Post by ray.wurlod »

Custom operators are compiled within the stage, irrespective of platform. The compiler is specified through environment variables such APT_COMPILER, and the Build stage allow you to specify additional flags if necessary.
IBM Software Services Group
Any contribution to this forum is my own opinion and does not necessarily reflect any position that IBM may hold.
ArndW
Participant
Posts: 16318
Joined: Tue Nov 16, 2004 9:08 am
Location: Germany
Contact:

Post by ArndW »

Hello Stephan,

when I started working on building custom operators I thought I'd start with the few examples that IBM has posted on the web but that ended up being a bit of a mistake, as the published examples don't work, or only work partially and on one platform (Windows).
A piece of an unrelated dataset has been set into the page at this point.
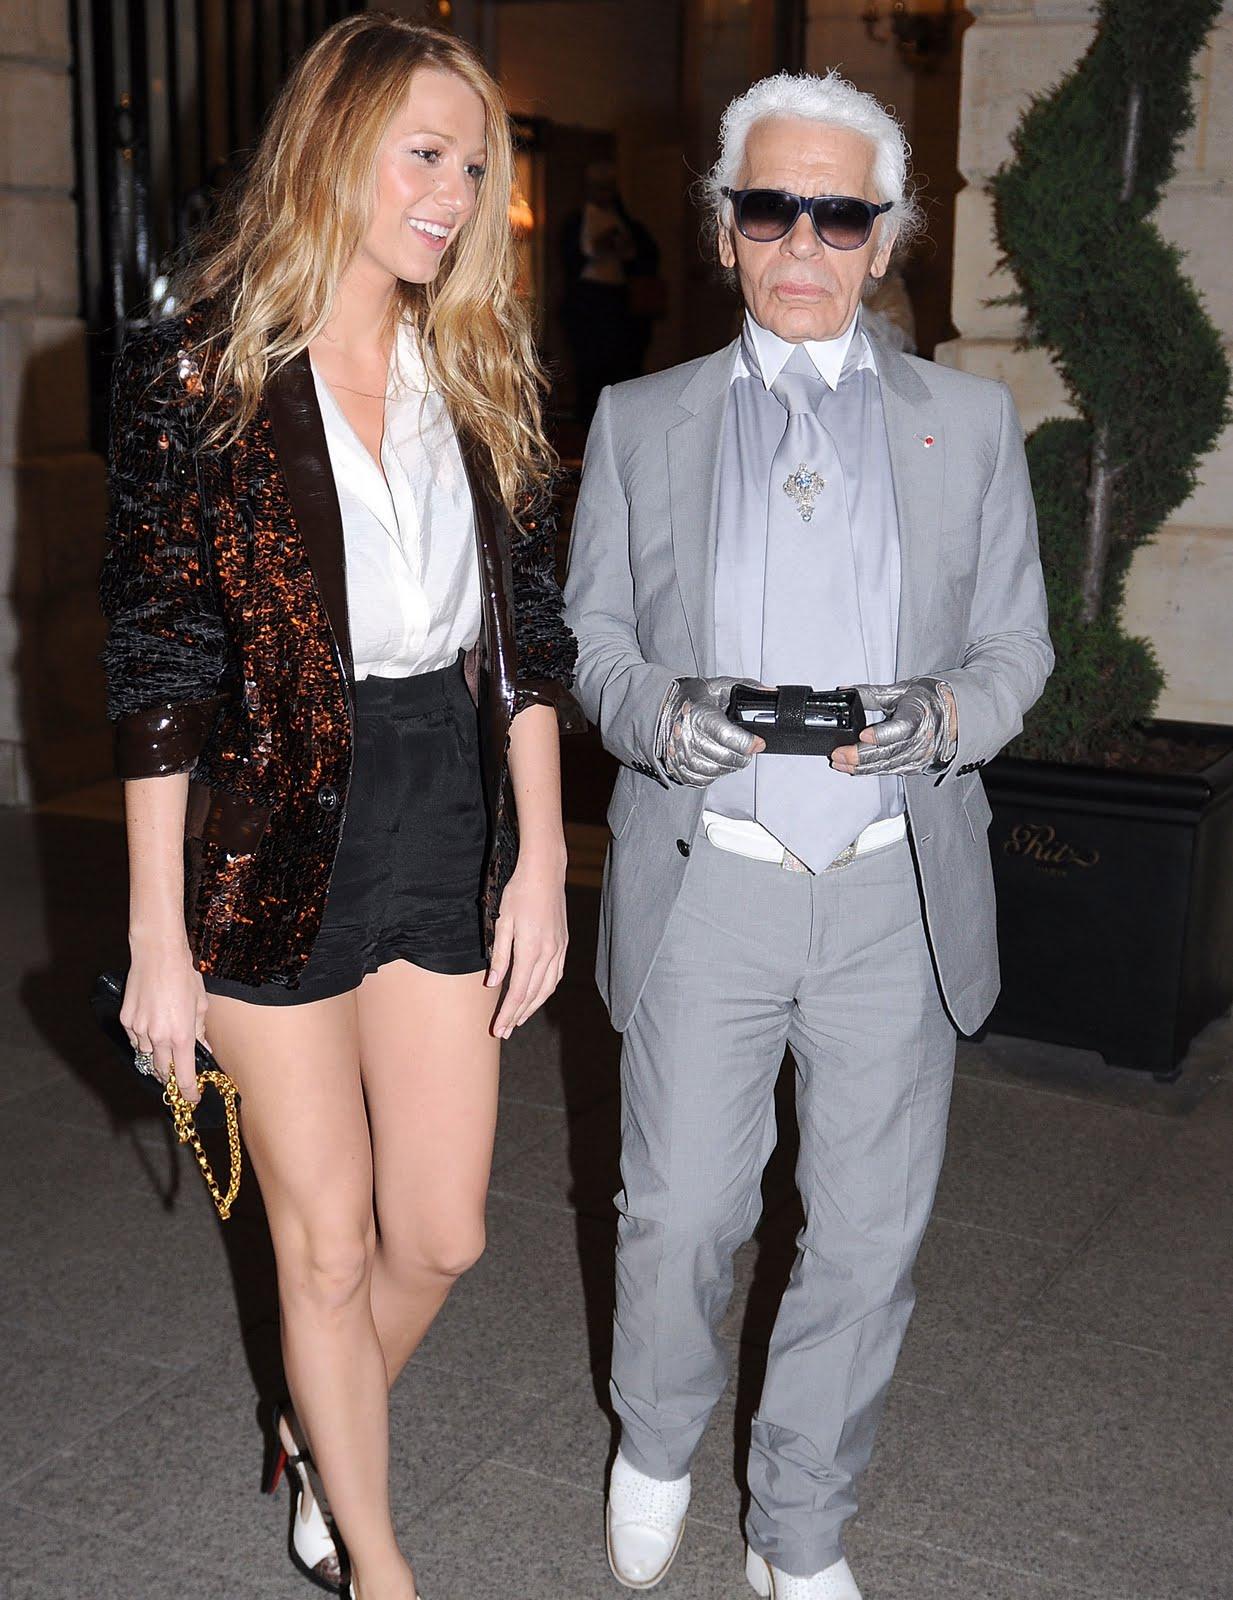 Style Spotlight: Blake Lively
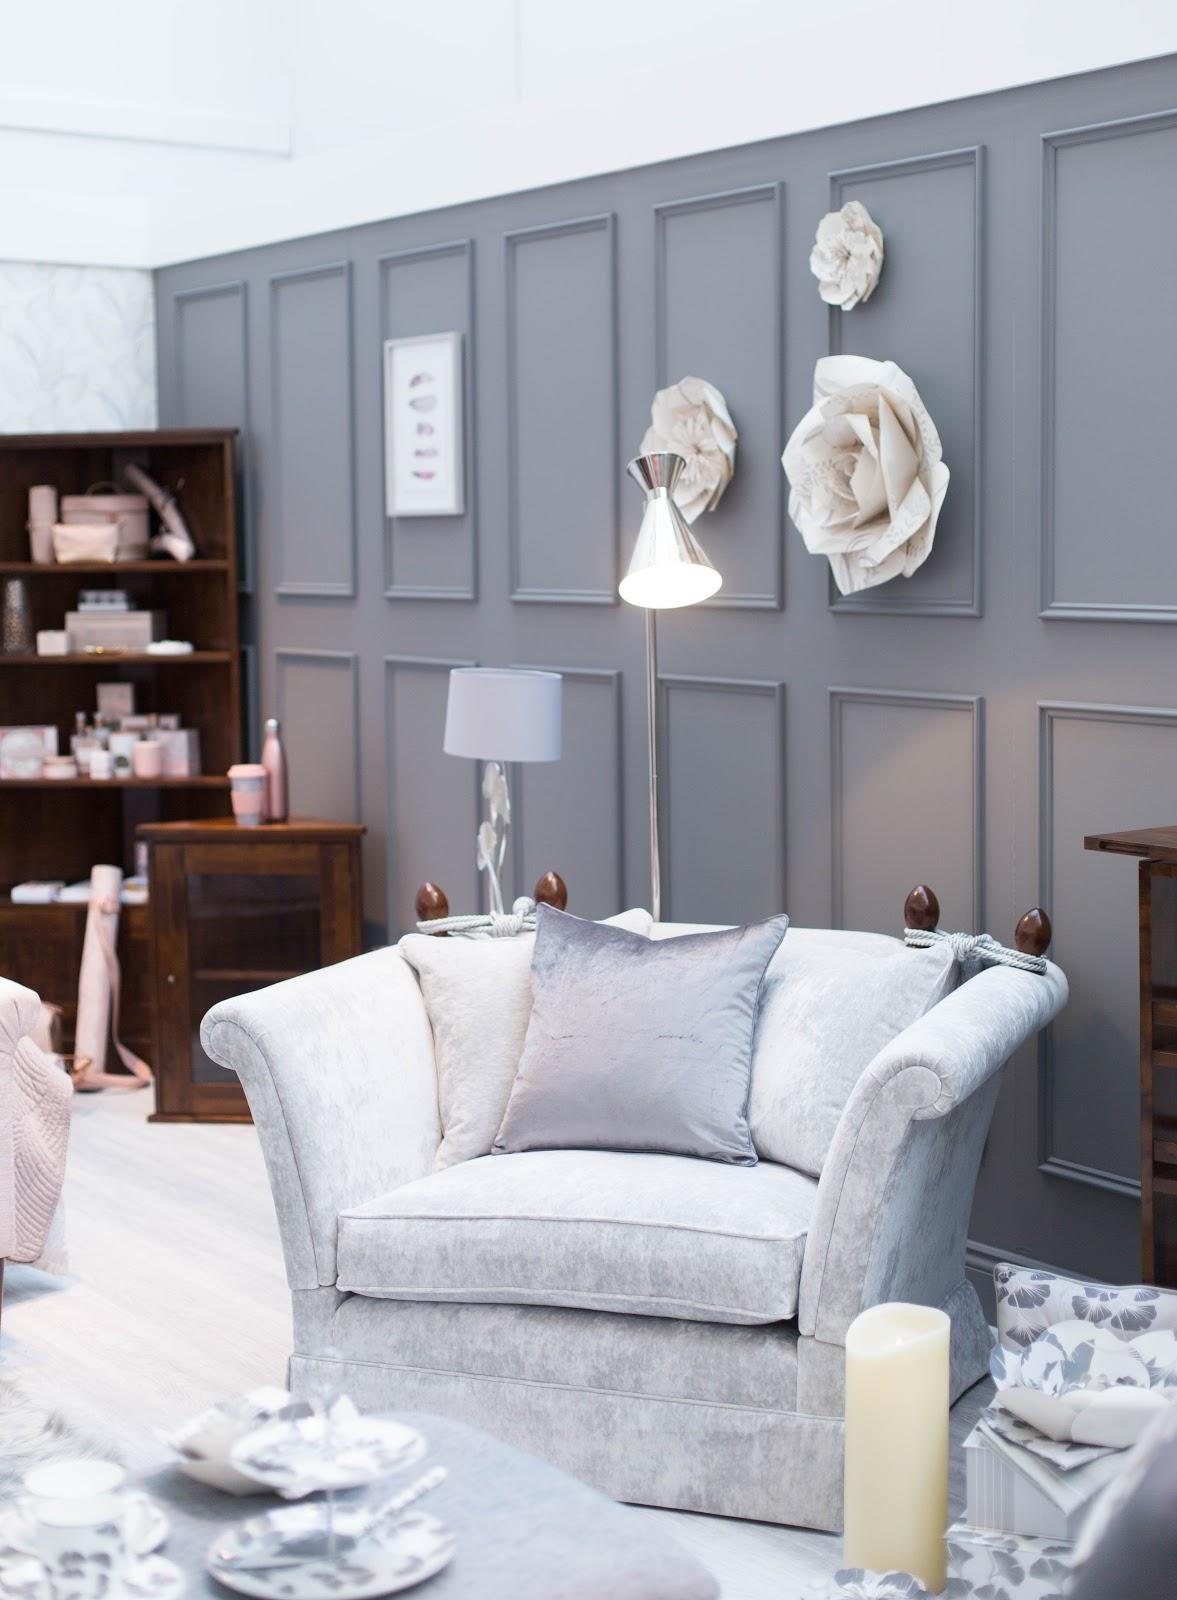 Laura ashley press show ss17 finnterior designer for Ashley room planner

There are 3 types of stages available for you to create: "build", "custom" and "wrapped"

The "build" type lets you define a rigid input and output schema and create c++ code within the DataStage Designer GUI to manipulate the data. When you compile/build this type of stage DataStage will include the requisite header files and your design effort is made a bit simpler. On the other hand, it splits the final program into logic in "definitions", "pre-loop", "per-record" and "post-loop". The compilation is done under the covers by DataStage and uses the setting defined in the DSPARAMS file. If what you want to do fits into this structure then I would suggest you use this method.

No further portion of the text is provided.